Improving Neutron-gamma discrimination in CLYC with Gaussian mixture model

Abstract

Neutron and gamma discrimination is a common issue in neutron detection. Cs 2 LiYCl 6:Ce (CLYC) crystal, with its unique core-to-valence luminescence (CVL) mechanism for gamma rays, has excellent capability for neutron-gamma discrimination. This paper proposes a new preprocessing method called constant fraction alignment (CFA), based on the fast rise and slow decay characteristics of CLYC, to effectively improve discrimination performance. Unsupervised classification methods that do not require training data have a great advantage since pure neutron sources are difficult to obtain. As an unsupervised clustering method, Gaussian mixture model (GMM) is used to achieve neutron-gamma discrimination of data detected by CLYC, and the impact of different parameters on GMM results is studied.
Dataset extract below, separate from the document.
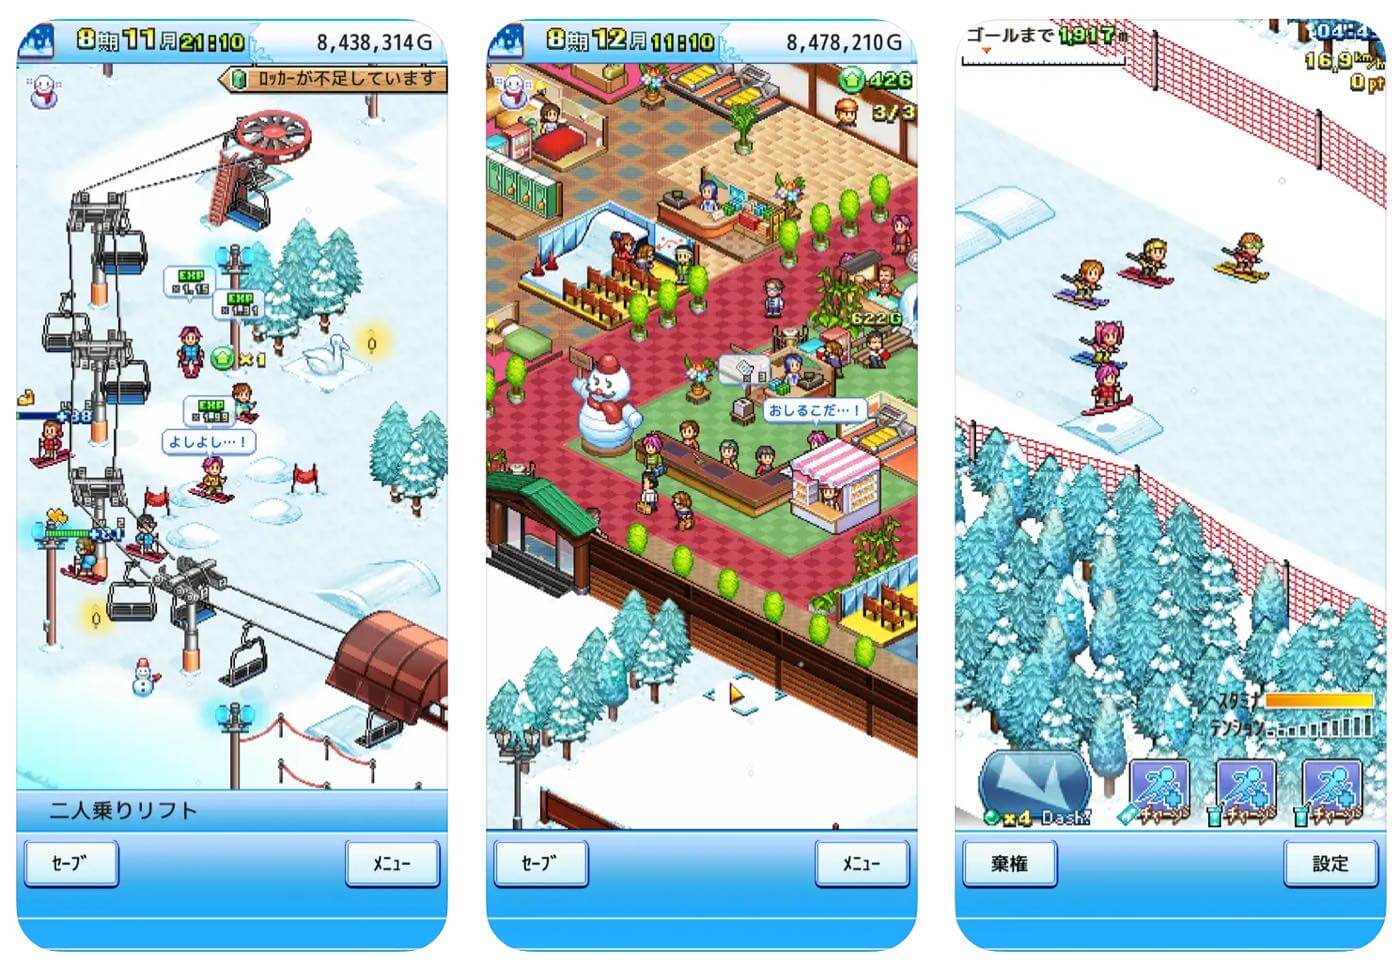 【明日まで】カイロソフトのスキー場経営ゲーム『きらめきスキー白書』、iOS版に続いてAndroid版も大雪でうっかり指が滑って無料に
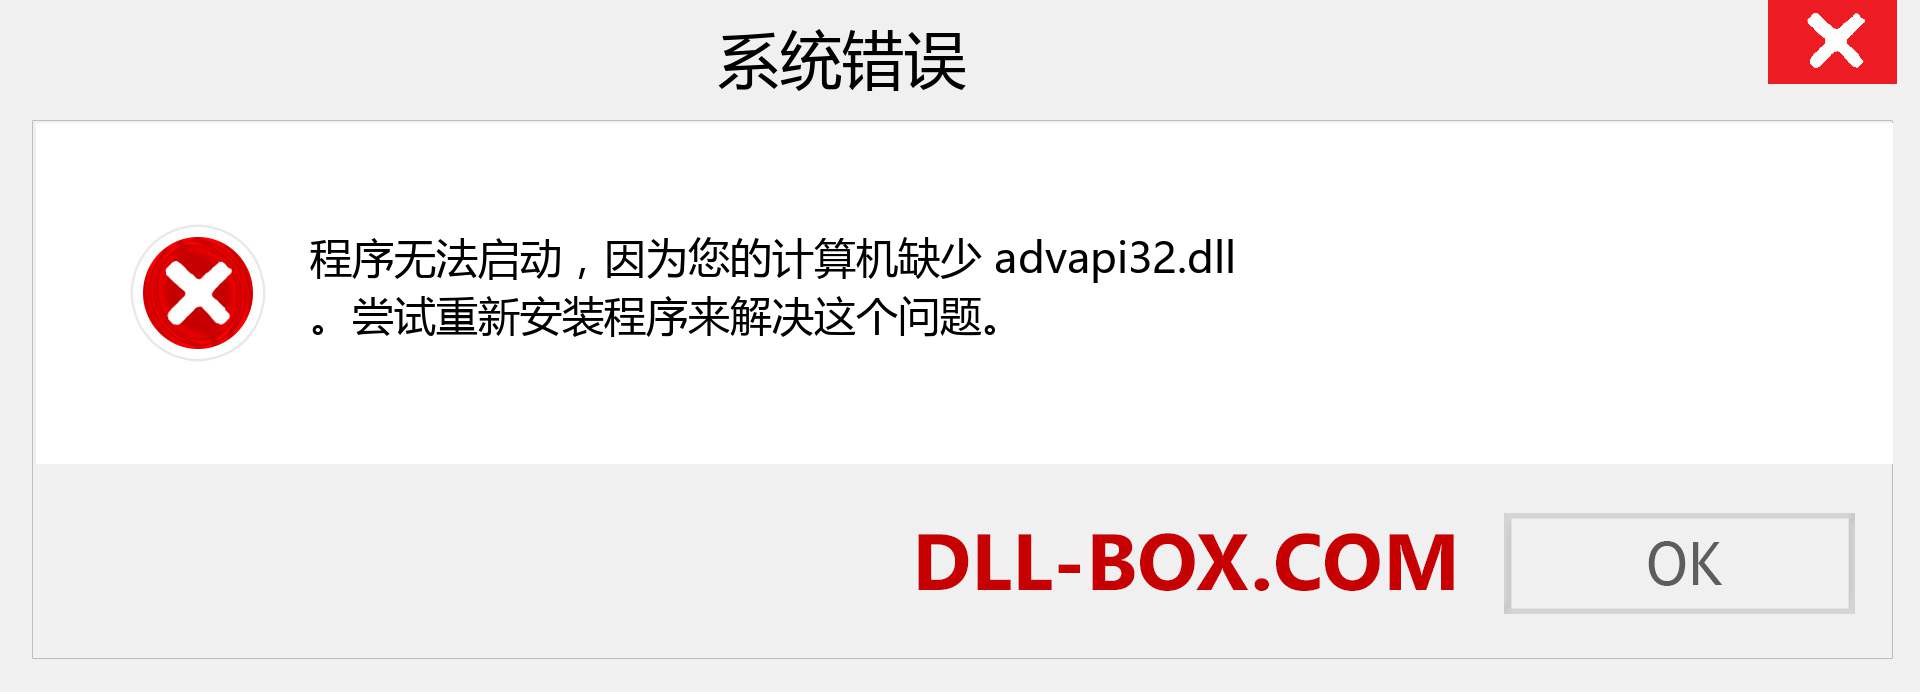 advapi32.dll 文件丢失？。 适用于 Windows 7、8、10 的下载 - 修复 Windows、照片、图像上的 advapi32 dll 丢失错误

When the input dimension is high, GMM not only requires significantly more time but also reduces precision, so dimensionality reduction is necessary. Principal component analysis (PCA) is a commonly used dimensionality reduction method, and through analysis, it is found that using the first three components of PCA as inputs achieves the best performance. In the GMM solving process, selecting different covariance matrices based on data types can reduce running time while maintaining high accuracy. Diagonal mode is the most suitable according to comparison. Based on the same dataset, the accuracy of GMM is higher than that of charge comparison method and k-means++, with an accuracy of 99.96% for 252 Cf source and a false alarm rate as low as 0.01% for 137 Cs source.